I didn't know it, either. Thanks for the great tip!


----------



## heyjude (Sep 13, 2012)

I can _only_ find the high oleic types of oil at my supermarkets. Three years ago, the stores only carried the high linoleic oils which I'd use around 5%. High oleic I've used from 15 - 20 at most.

Green Soap, I've also heard of the "15% rule" for the L fatty acids. Just curious, do you use castor in your recipe? And if so, how would you adjust your linoleic and linolneic numbers? I like the L fatty acids  for my aging skin, but castor for the bubbles! Too much of all three will give me mush.


----------



## green soap (Sep 13, 2012)

heyjude said:
			
		

> I can _only_ find the high oleic types of oil at my supermarkets. Three years ago, the stores only carried the high linoleic oils which I'd use around 5%. High oleic I've used from 15 - 20 at most.
> 
> Green Soap, I've also heard of the "15% rule" for the L fatty acids. Just curious, do you use castor in your recipe? And if so, how would you adjust your linoleic and linolneic numbers? I like the L fatty acids  for my aging skin, but castor for the bubbles! Too much of all three will give me mush.

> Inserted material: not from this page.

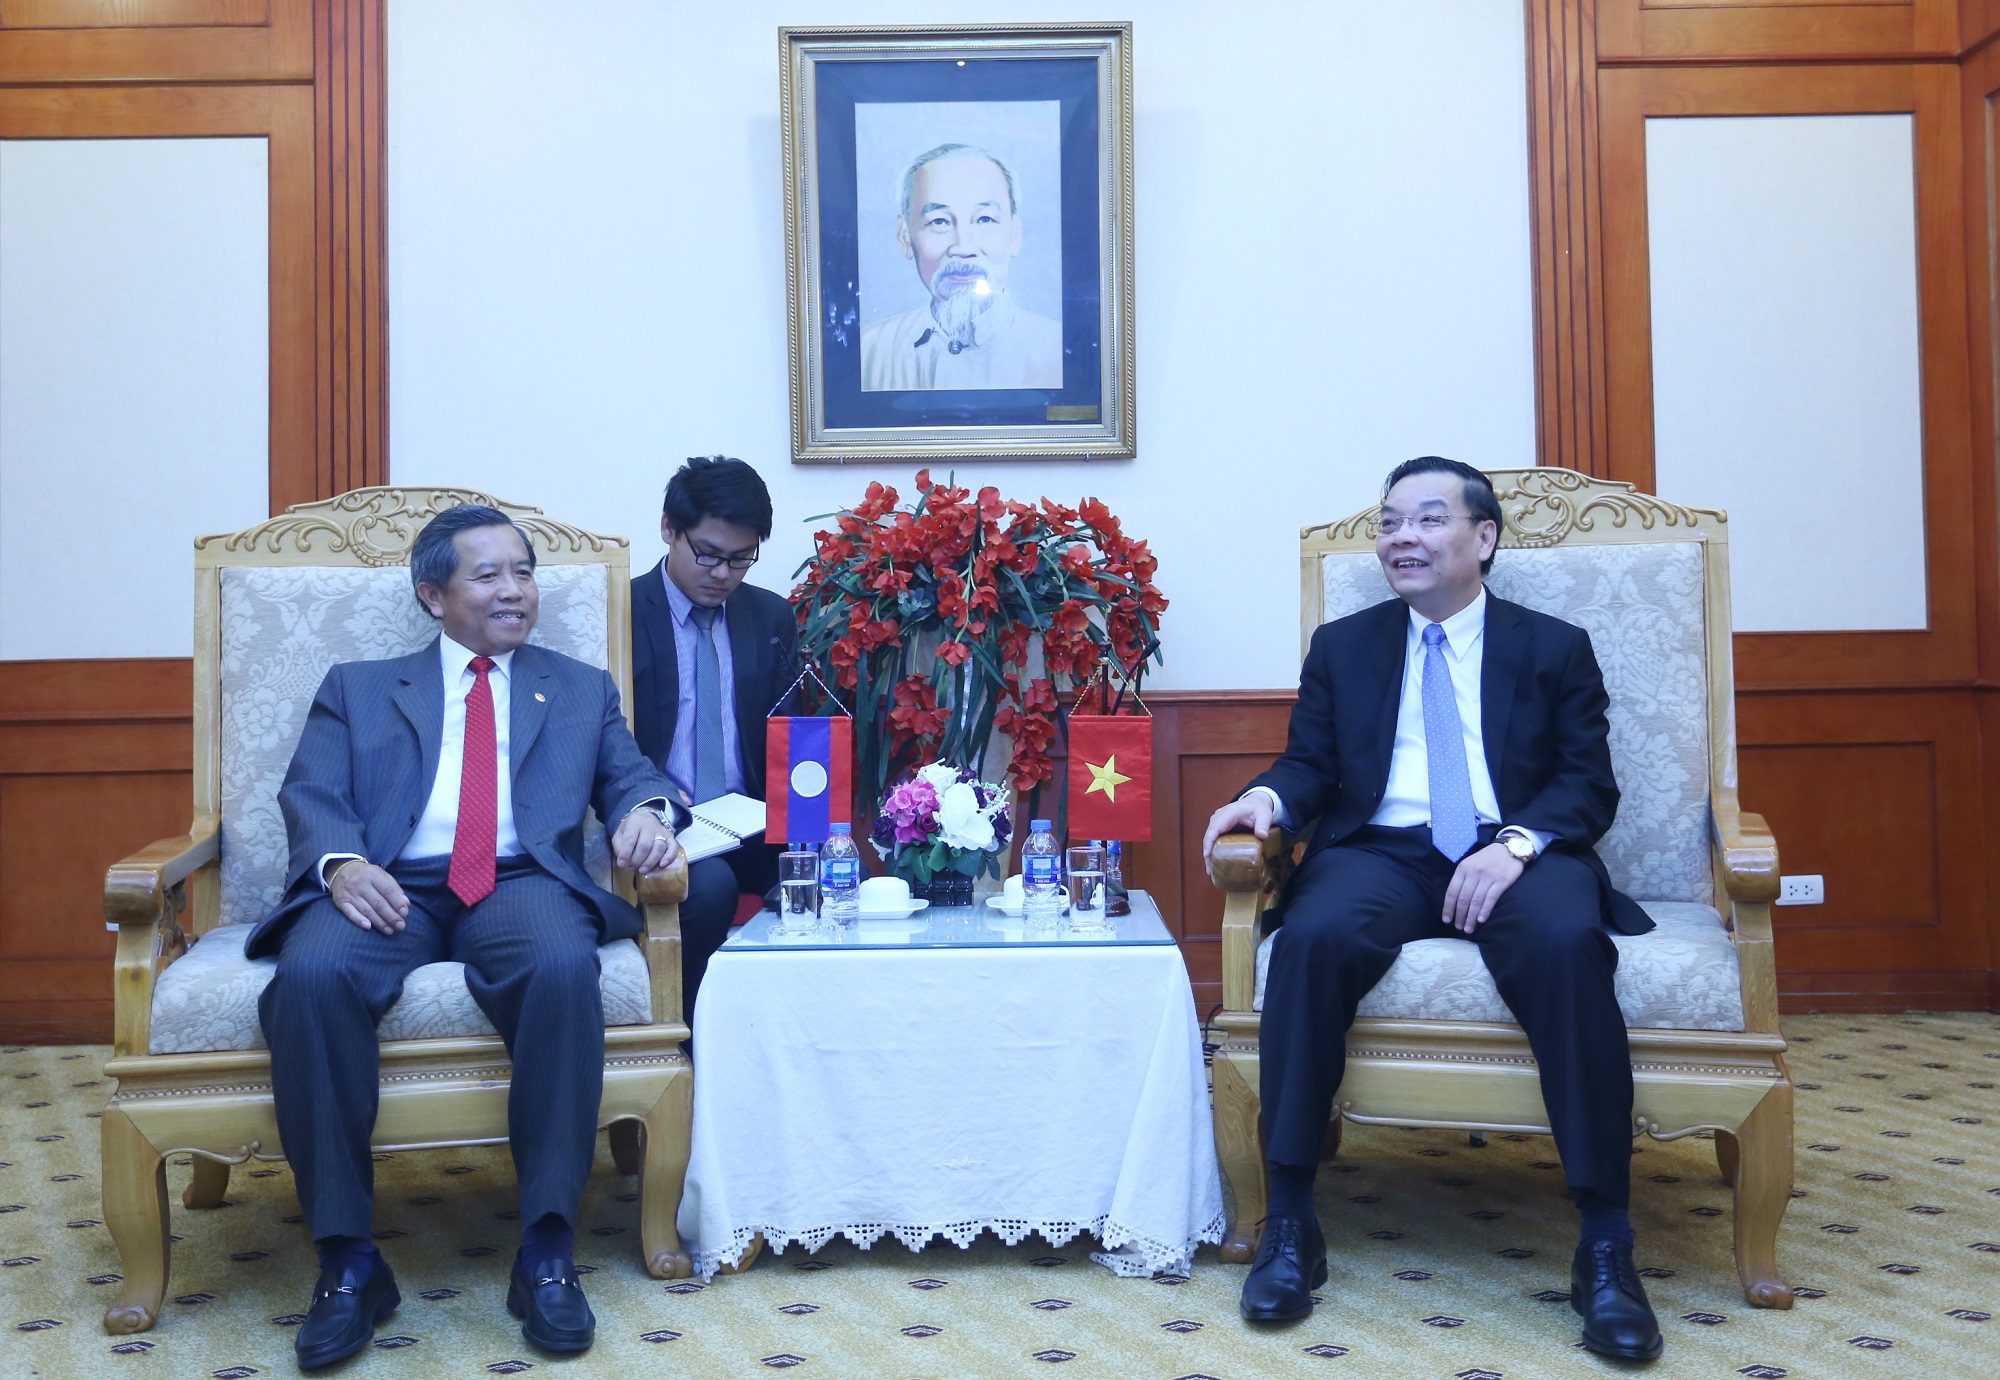 Bộ trưởng Bộ KH&CN Việt Nam Chu Ngọc Anh và Bộ trưởng Bộ KH&CN Lào Boviengkham Vongdara trao đổi về hợp tác trong lĩnh vực KH&CN giữa hai bên.

Jude, I only use castor oil in my shaving soap recipe.  I have several recipes, depending on the intended use of the soap.  For the shaving soap, the % of saturated fatty acids is so high that it is not an issue.  The linoleic is super low and linolenic zero.


----------



## judymoody (Sep 13, 2012)

I use castor at 5% in my base recipe and the linoleic/linolenic combined is comfortably under 15.  Castor is high in ricinoleic acid so it's not really a factor.


----------